We'll have more to say about past the phase-three in time and phase-three, as we get a little farther and present results at meetings. Right now, I don't think we've said much in the last year or so about whether we're leaning toward heme or solid tumors, other than the press release we issued in the spring, saying that we've met in lung cancer, the interim activity criteria in one of the cohorts.

Do I remember correctly, that you feel that the lung cancer market is bigger than the heme market.

There are more deaths in lung cancers than deaths in the next several leading cancers combined. It is an opportunity -- a patient population and a mortality which is extremely high, it's the highest. But the market opportunity and how the economics play out depend on the specifics of what population you're targeting or what sub-population you're targeting, and how long people use your drug. In general, lung cancer has the largest number of deaths of any particular cancer type. But, the exact economics of how that plays out depends more specifically on the data in which patients your drug is targeting.

Do you care to comment on the implications of having successful lung cancer trials here in the United States and what the effect could be on markets in China and Japan?

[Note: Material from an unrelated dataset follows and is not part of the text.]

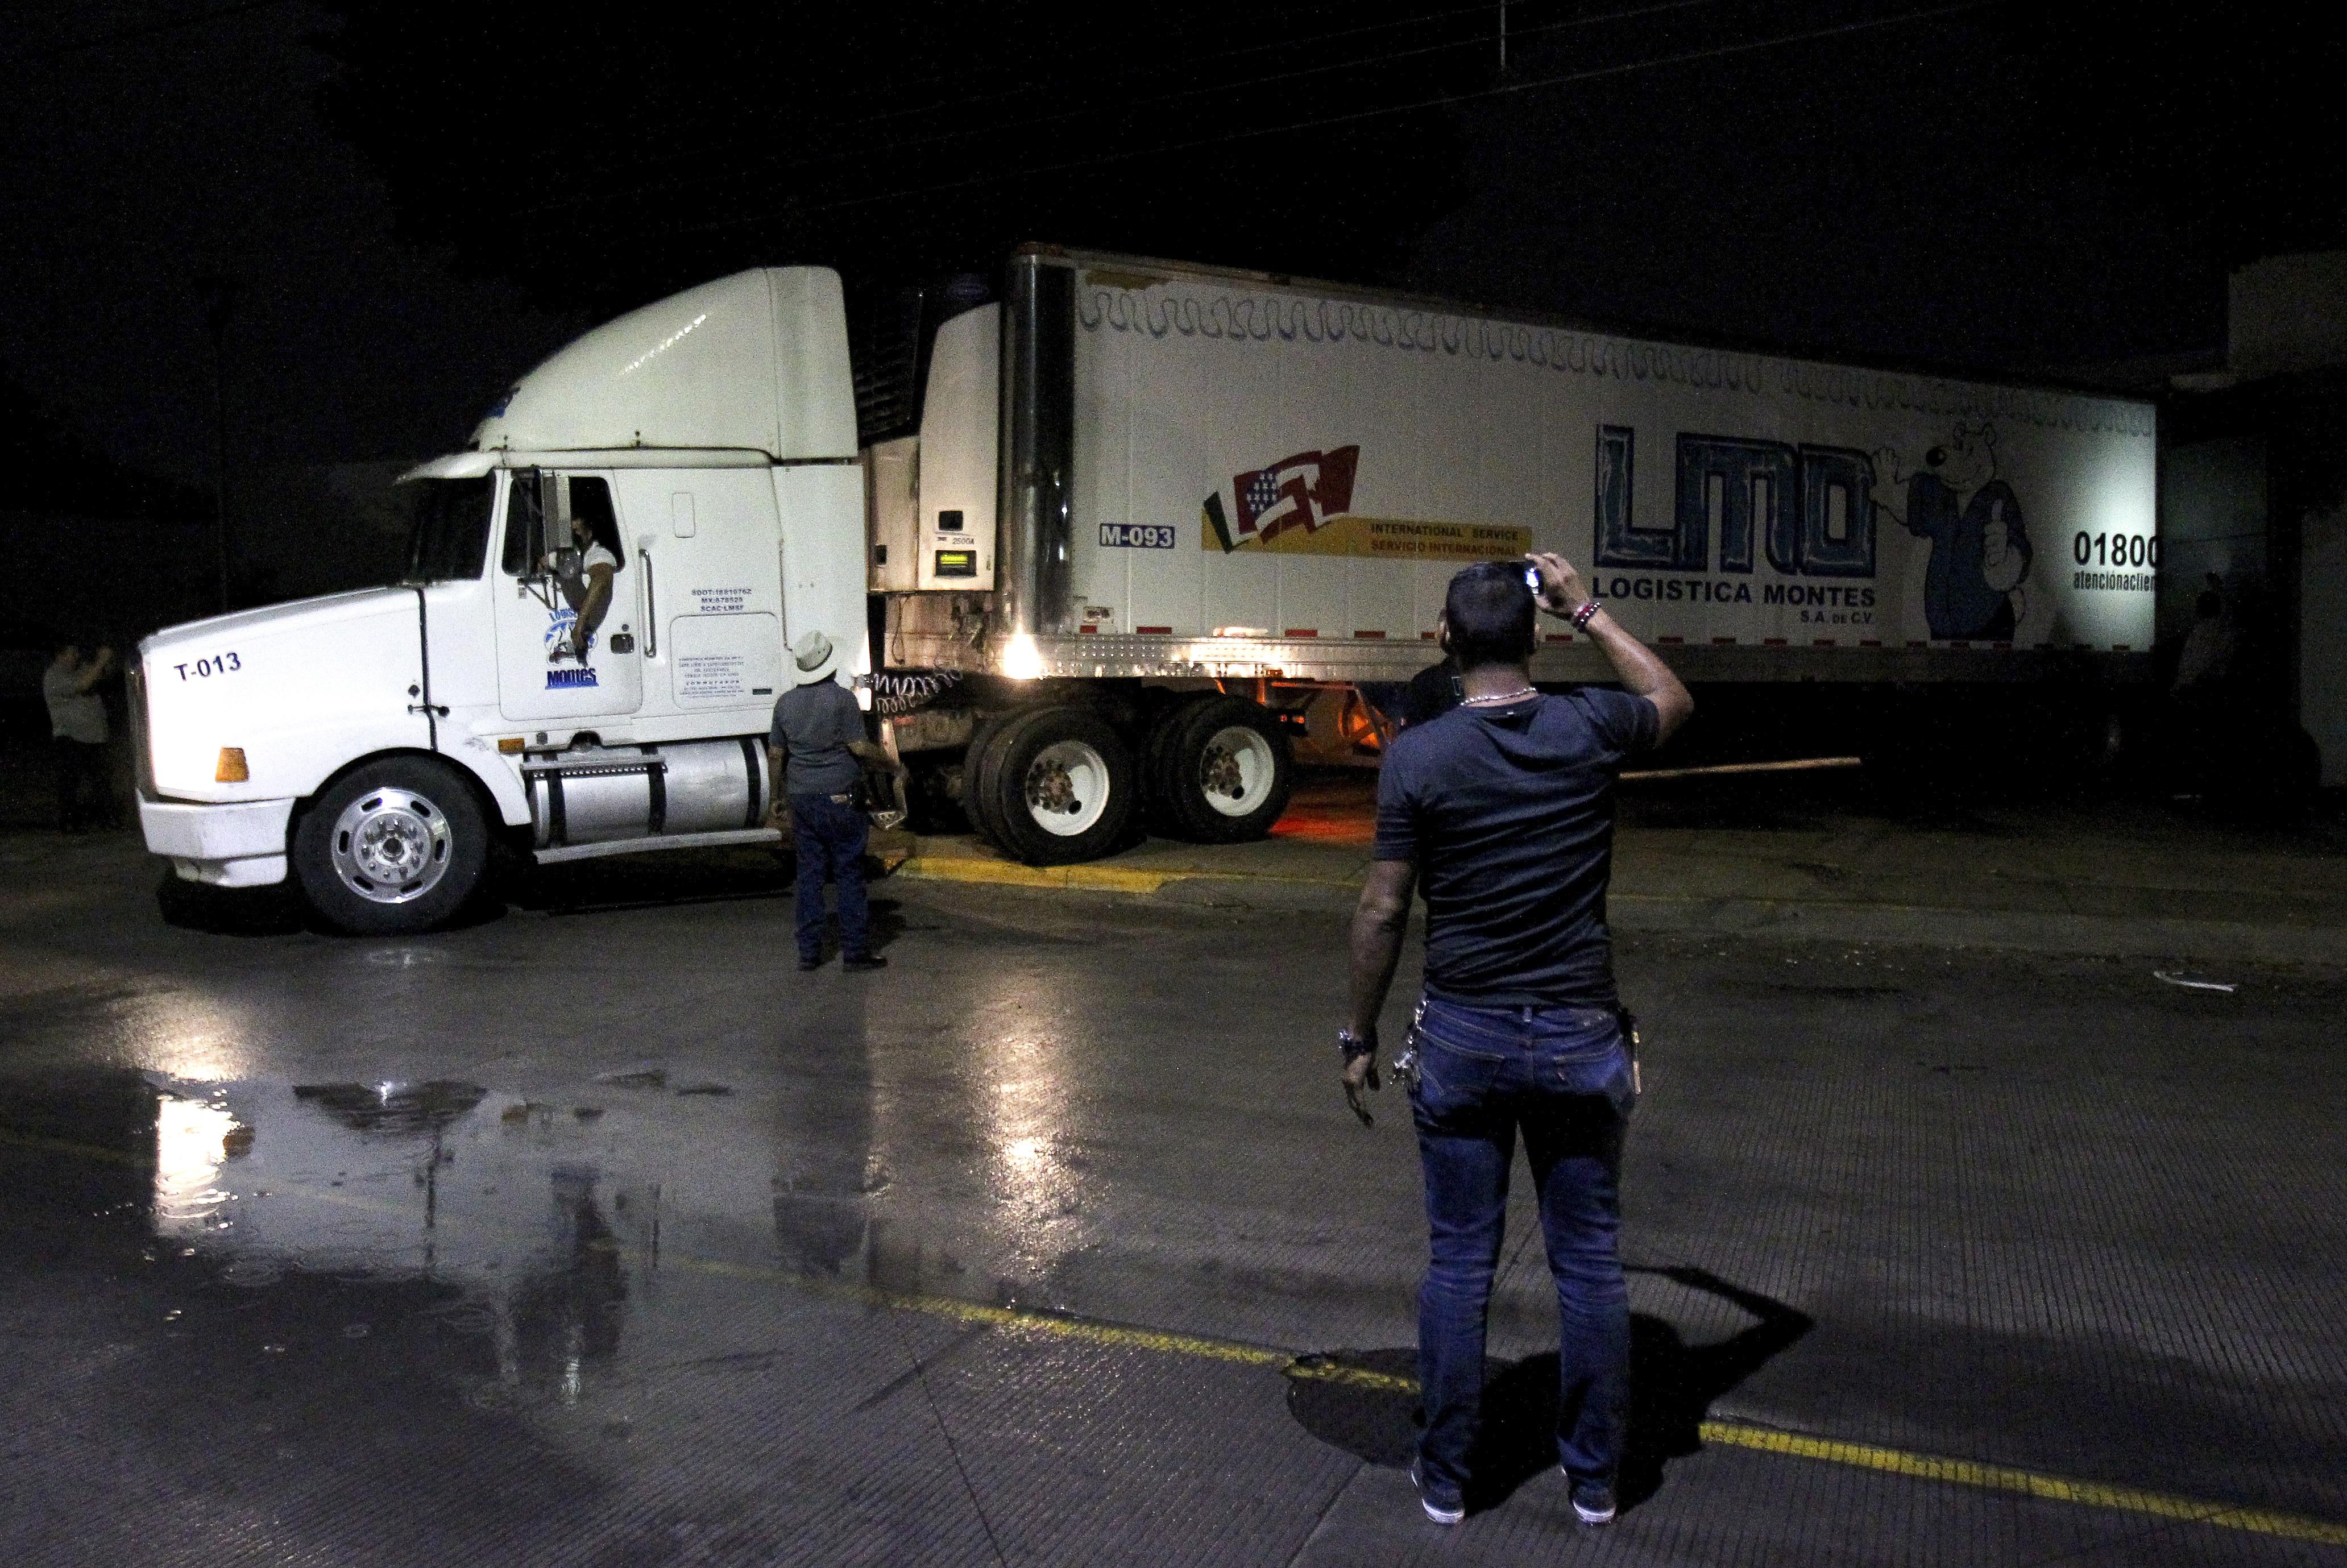 Megteltek a halottasházak, a mexikói rendőrök egyszerűen otthagytak száznál is több holttesttet egy kamionban

I'll take that question. This is Vojo Vukovic. As you can see from our press releases, and from the information published on our website, we are targeting a relatively broad range of solid tumors. And some of the recent initiated trials, specifically the investor-sponsored trials, such as gastric cancer or hepatocellular cancer have global significance. And are particular importance for the market in Asia because of the high prevalence of these diseases.

Appreciate it. Thank you.

There are no further questions at this time. That concludes the question-and answer session. I will now turn the conference back over to Dr. Bahcall for closing comments.

Thank you everybody for your time and attention today.

Ladies and gentlemen, this concludes today's call. You may now disconnect your lines.